The Broncos opened the regular season on the road against the St. Louis Rams on September 10 in the Edward Jones Dome. The game was primarily a defensive battle, with only one touchdown scored in the entire game, and the Rams won 18–10. Jake Plummer struggled throughout the game, throwing 3 interceptions, losing a fumble, and being sacked 4 times, 2 of them by Leonard Little. Tatum Bell also lost a fumble, but ran for 103 yards. Rookie Mike Bell ran for 58 yards and scored the only touchdown in the entire game late in the second quarter on a 1-yard run. Kicker Jeff Wilkins provided all of the scoring for the Rams, making 6 field goals, tying a franchise record, while running back Steven Jackson was one of the few bright spots for the Rams offense, running for 121 yards. The five turnovers by the Broncos was the most for them since the 2000 season. The Broncos would start their season at 0–1.

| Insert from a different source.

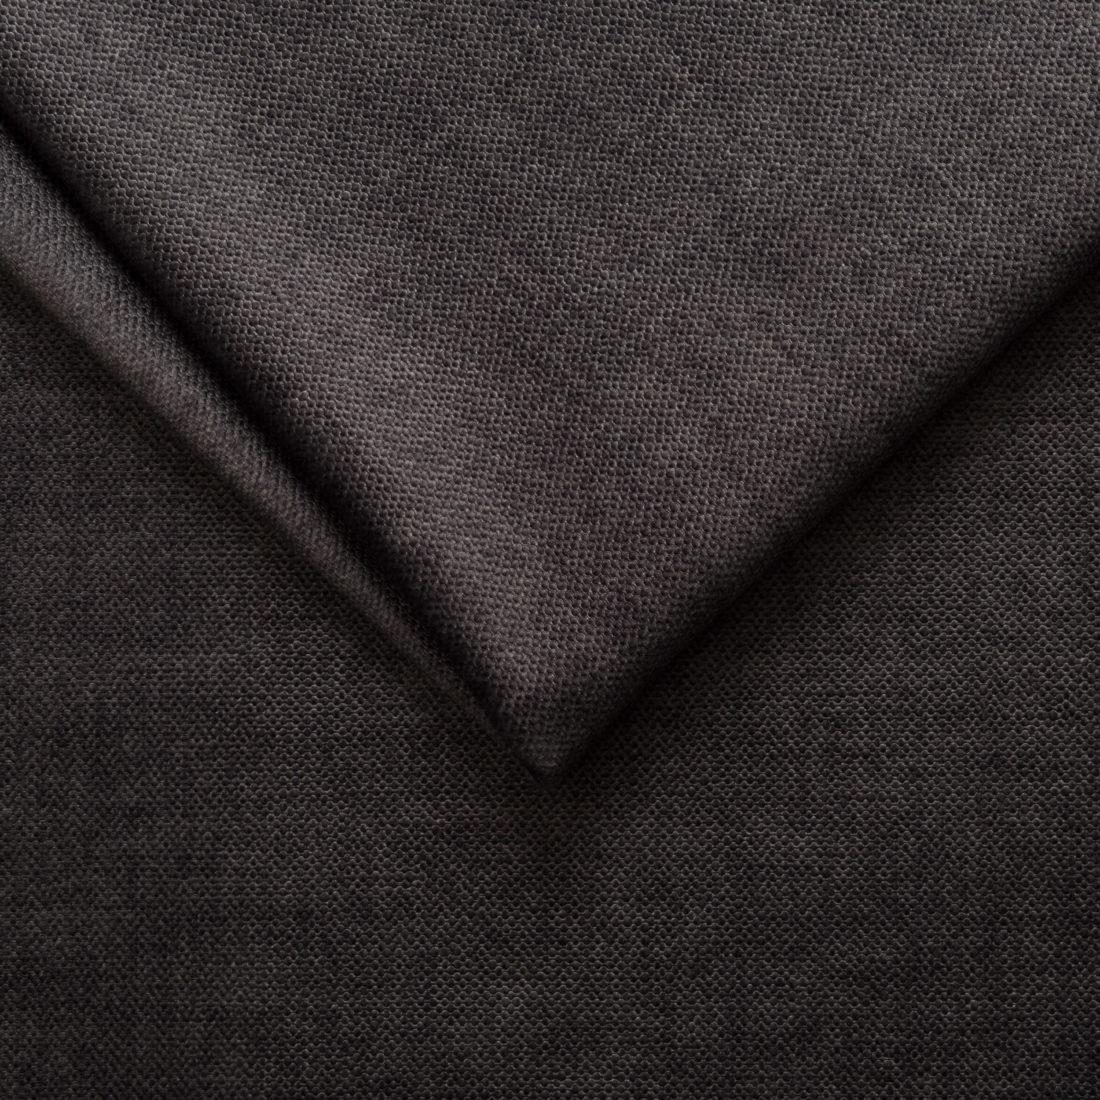 Мебельная ткань Vogue 16 Graphite, велюр

|  | 1 | 2 | 3 | 4 | Total |
|---|---|---|---|---|---|
| Broncos | 0 | 7 | 0 | 3 | 10 |
| Rams | 3 | 9 | 3 | 3 | 18 |

===Week 2: vs. Kansas City Chiefs===

at Invesco Field at Mile High, Denver, Colorado

The Broncos returned to Invesco Field at Mile High in Week 2 for their home-opener against the division rival Kansas City Chiefs. The game turned into another defensive battle, contrary to the typical shootouts the two teams usually have. Not a single touchdown was scored by either team. The Broncos improved on their turnovers, however, with just 1 interception thrown by Jake Plummer, while the Chiefs gave up 2 fumbles. Tatum Bell and Mike Bell combined for 113 yards rushing, while Denver again gave up a 100-yard rusher, allowing Larry Johnson to rush for 126 yards. Neither quarterback was spectacular, both throwing for less than 200 yards. Javon Walker led all receivers with 79 yards. The game was tied 6–6 at the end of regulation, prompting an overtime in which a Jason Elam 39-yard field goal won the game for the Broncos. In 93 games between the two teams, it was both the first to never have a touchdown and also featured the lowest-ever score. It was also only the third time in franchise history that the Broncos did not commit a single penalty.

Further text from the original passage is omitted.